ABOUT THIS TASK: Reproduce exactly, and only, the lines of the material below running from the line bearing "Ordigort – Demo LP" through the line bearing "زفاف - Baby". Leave any pictures out.

SUPPLIED RECORDS:
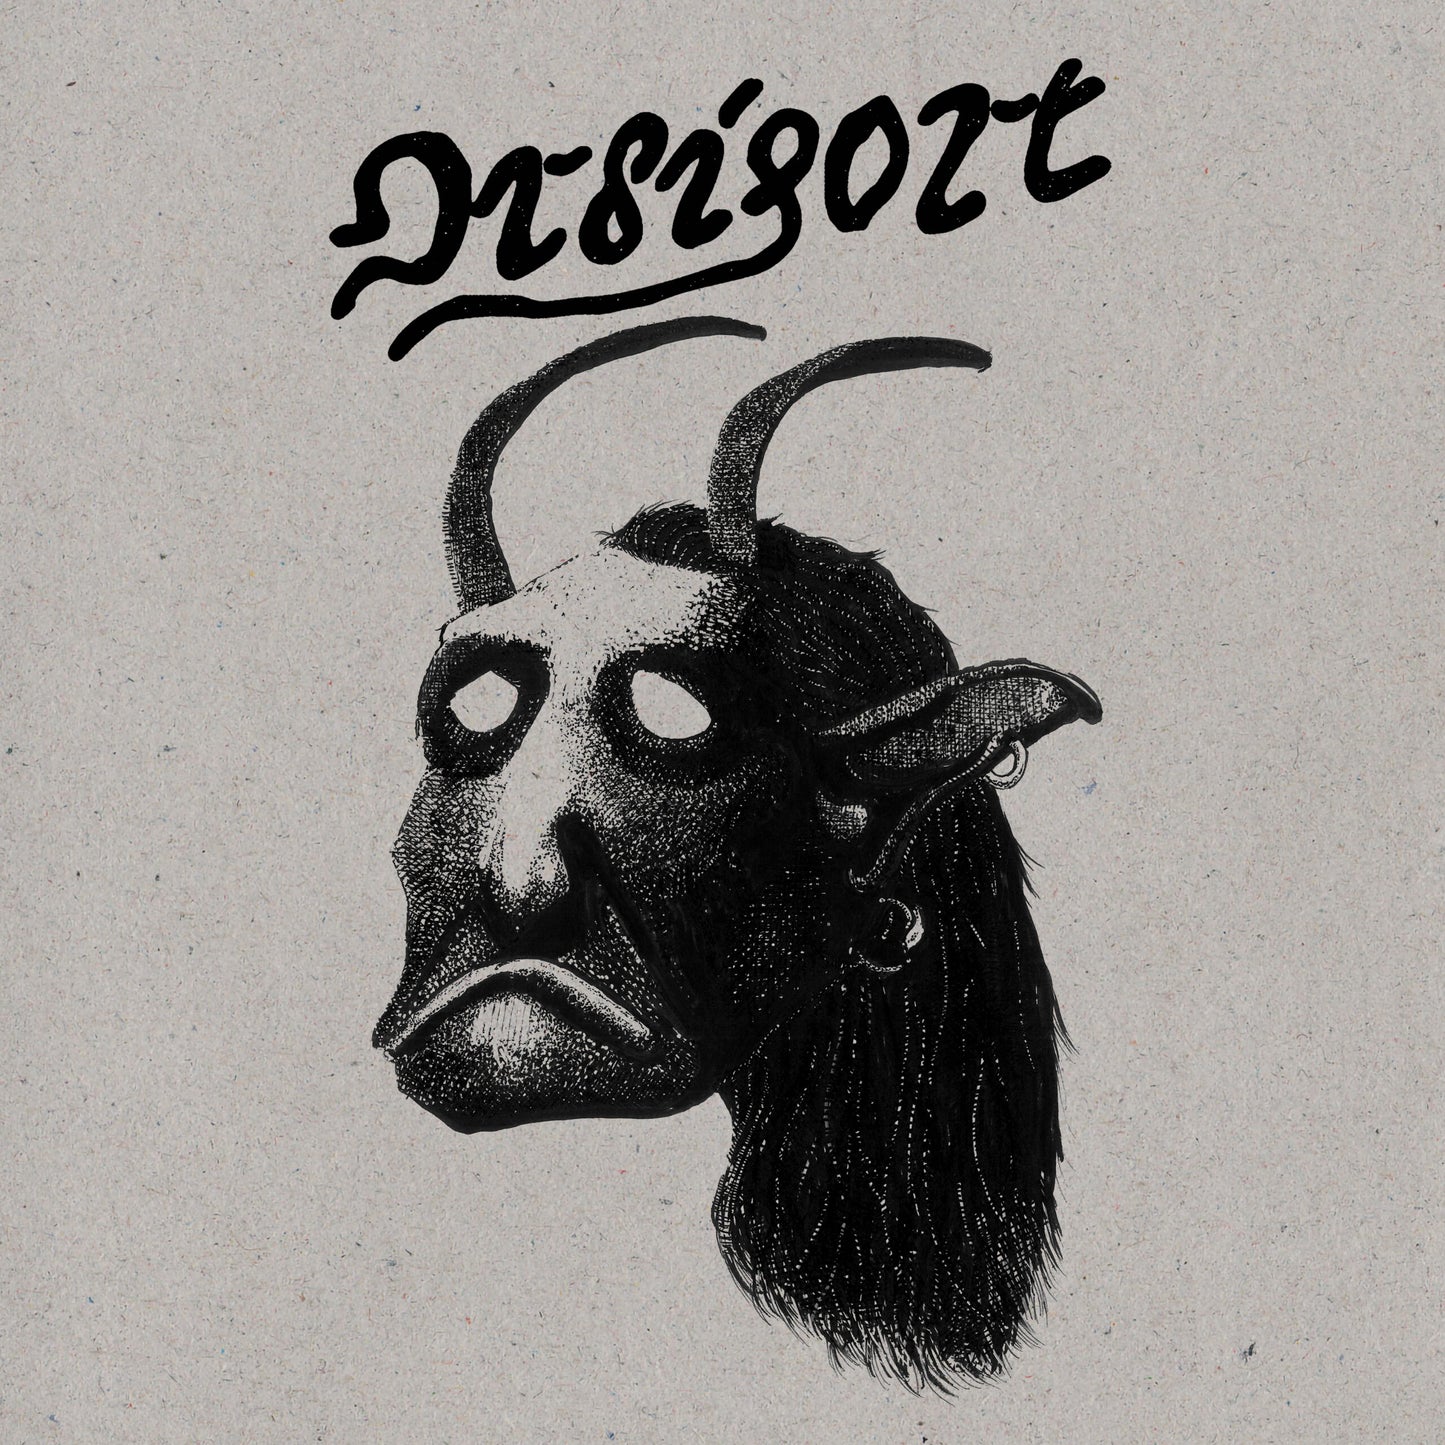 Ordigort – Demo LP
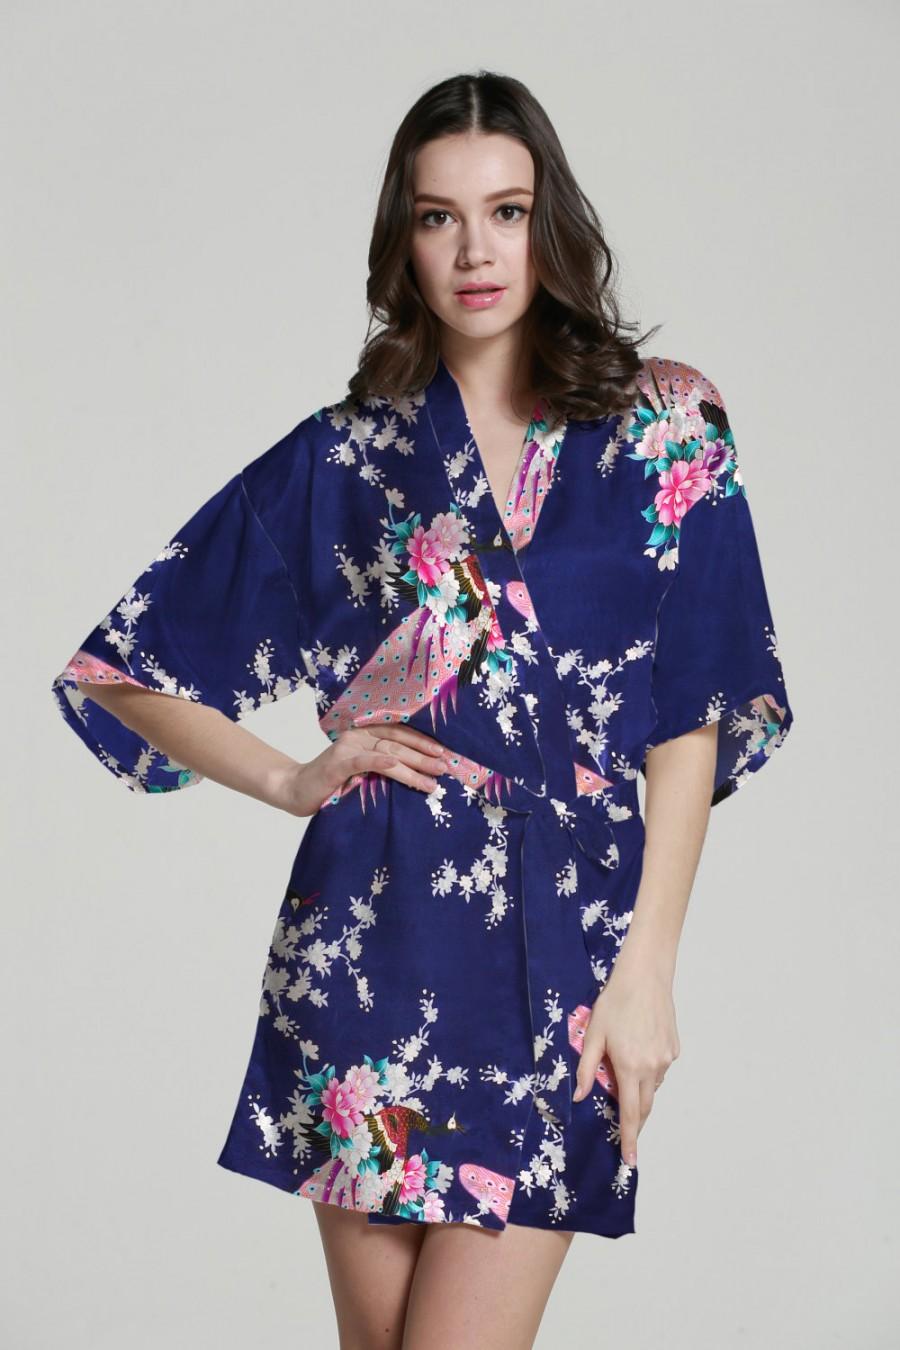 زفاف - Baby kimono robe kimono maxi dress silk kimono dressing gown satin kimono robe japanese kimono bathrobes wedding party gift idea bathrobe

==

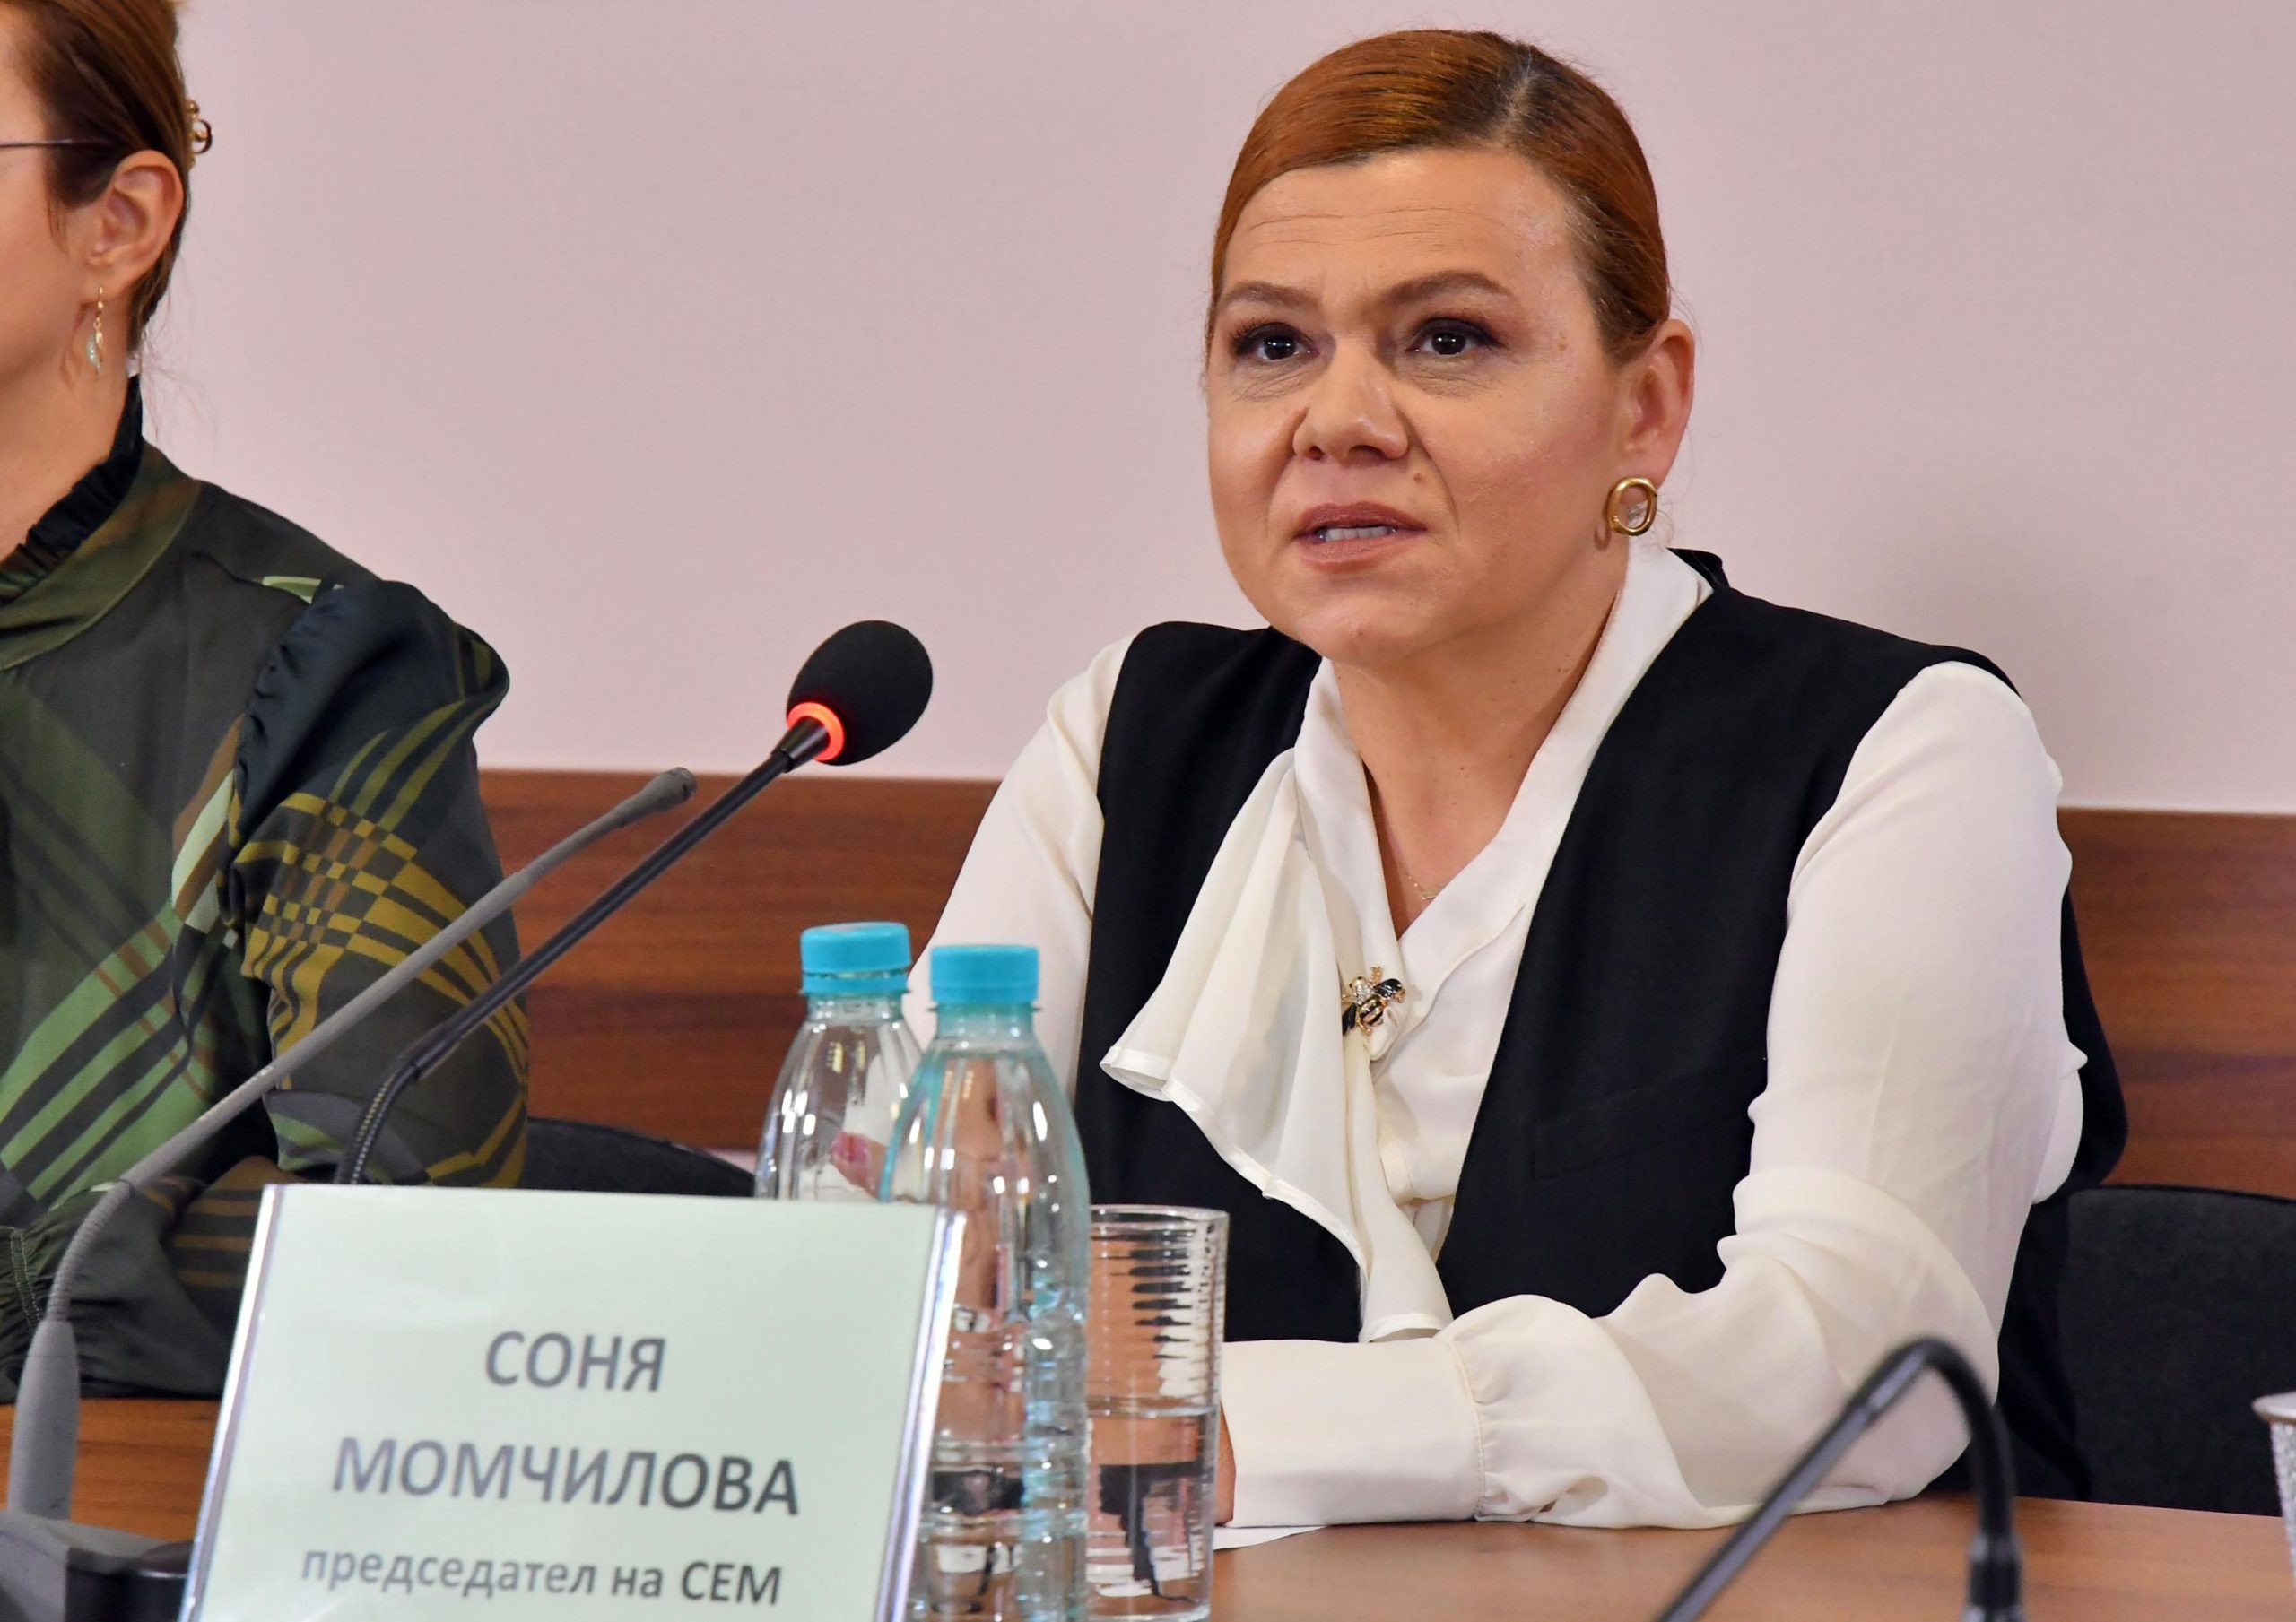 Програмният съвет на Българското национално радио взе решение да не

EXERCISE RESULT:
 Ordigort – Demo LP
 زفاف - Baby kimono robe kimono maxi dress silk kimono dressing gown satin kimono robe japanese kimono bathrobes wedding party gift idea bathrobe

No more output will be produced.